Well, they did bury it. First, there were media figures (the wife of the editor of the Sun, for instance) at the parties, so obviously they didn't report on it at the time, and I remember when the first leaks started coming out, Laura Kuennsberg presented it as a 'Westminster drama' kind of story. It's impossible to imagine that media figures did not know the parties were happening at the time: Allegra Stratton is married to James Fortsyth (the editor of the Spectator), for instance.
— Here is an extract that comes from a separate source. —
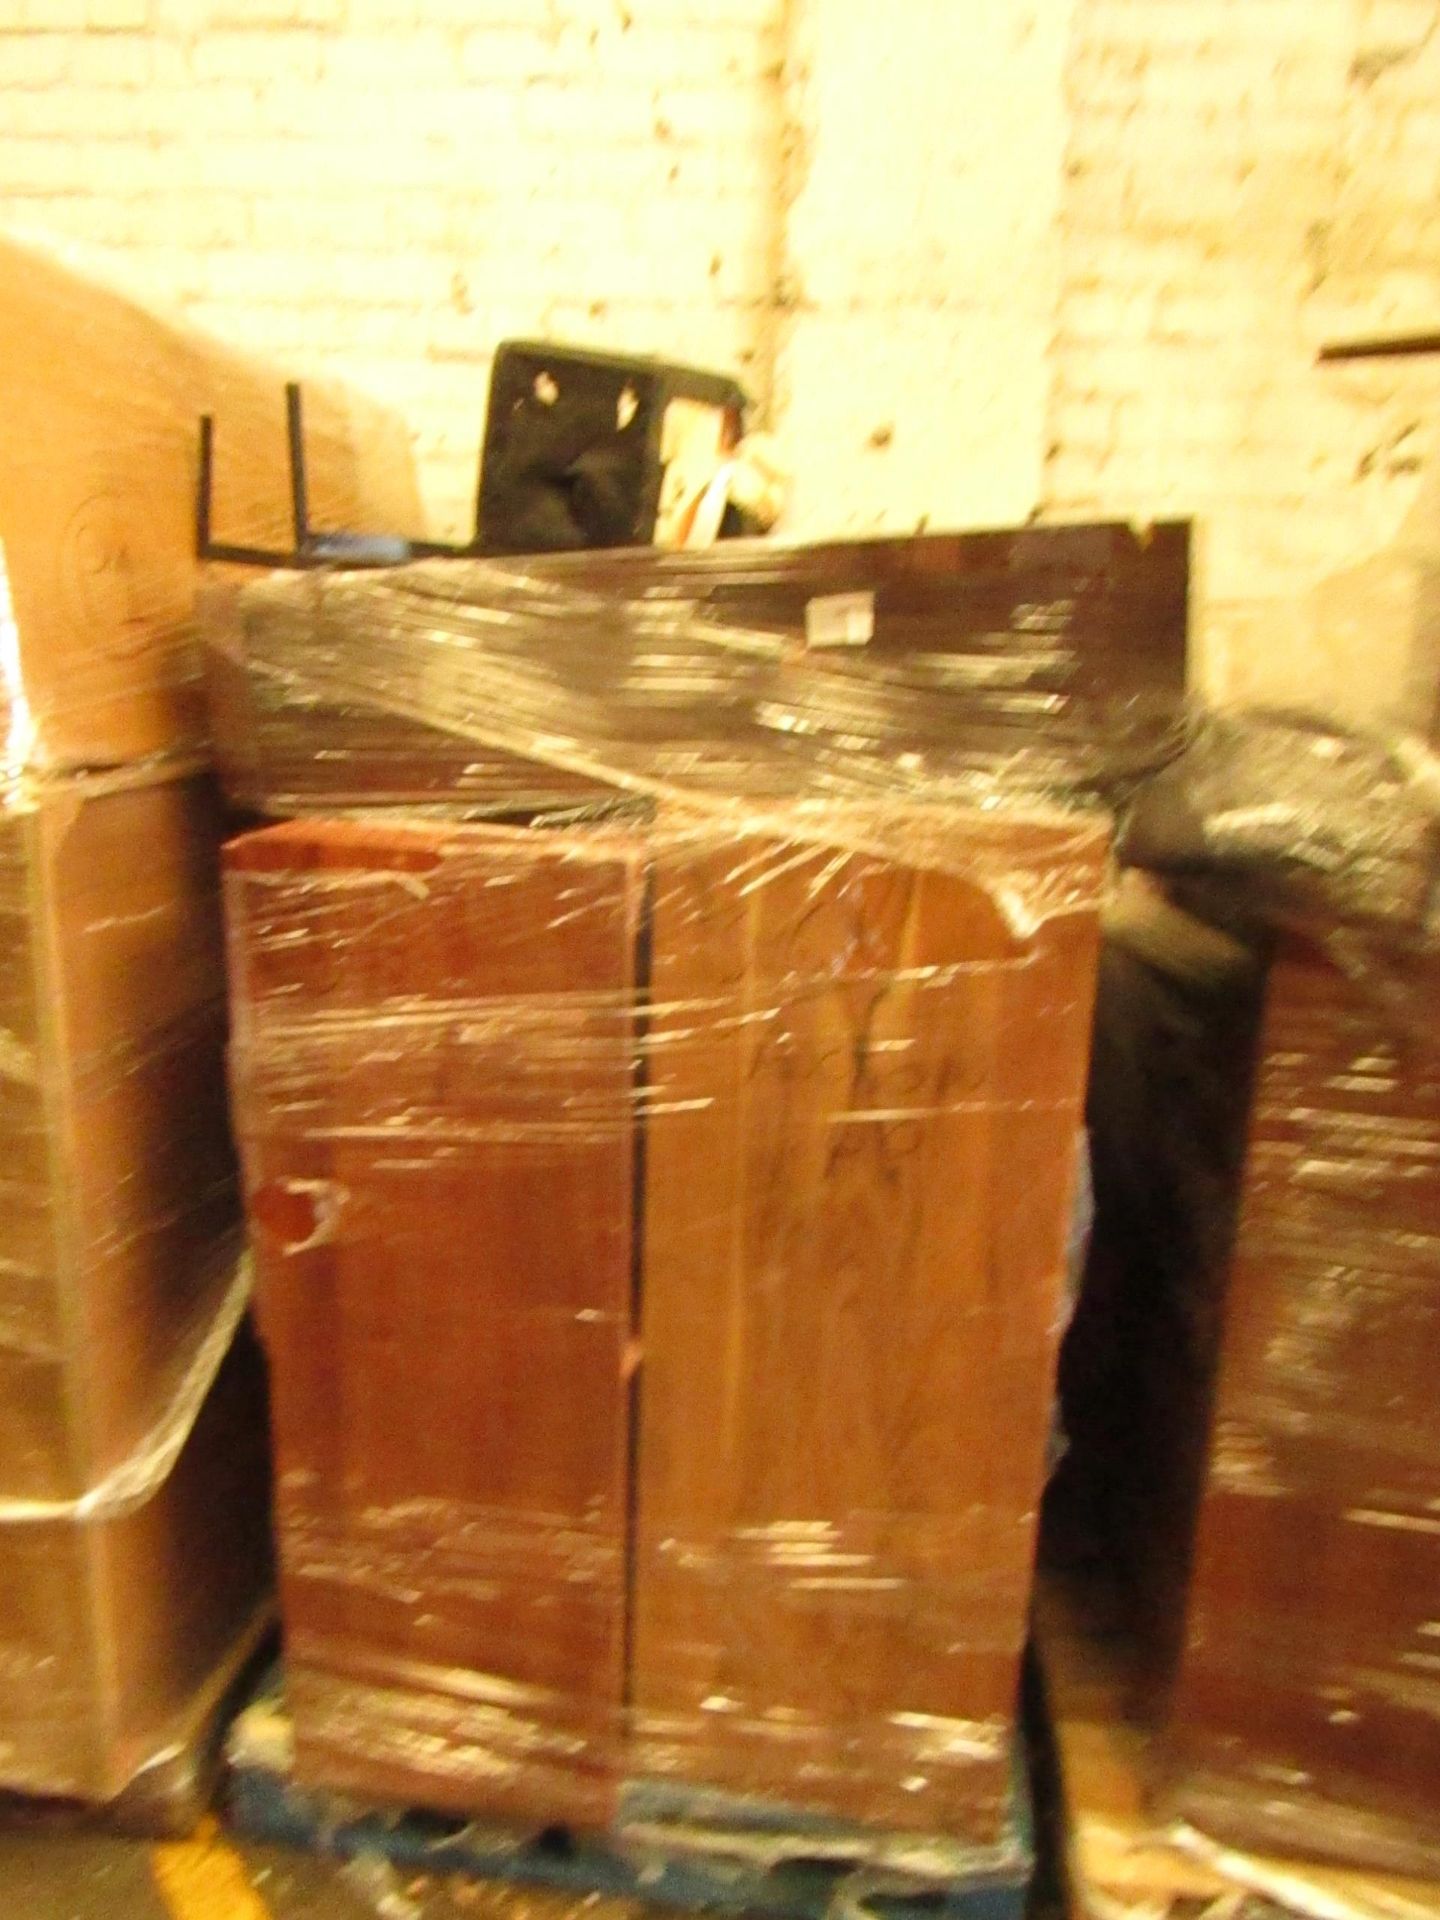 | 1x | PALLET OF SWOON B.E.R AND AWAITING PARTS AND POSSIBLY GRADED FURNITURE ITEMS WHICH COULD

I think the point is, british people generally have a lot of tolerance for amateurism, well-intentioned muddling through, and honest mistakes. That's a deep part of the culture. What they cannot stand is people who behave as if they are too important to follow the rules everybody else follows. That's why queue jumping is sort of like human sacrifice in the UK. When you combine an instance of this trope, with a traumatic national moment, it's going to have way more psychological impact than simple incompetence, no matter how much more damaging incompetence actually is.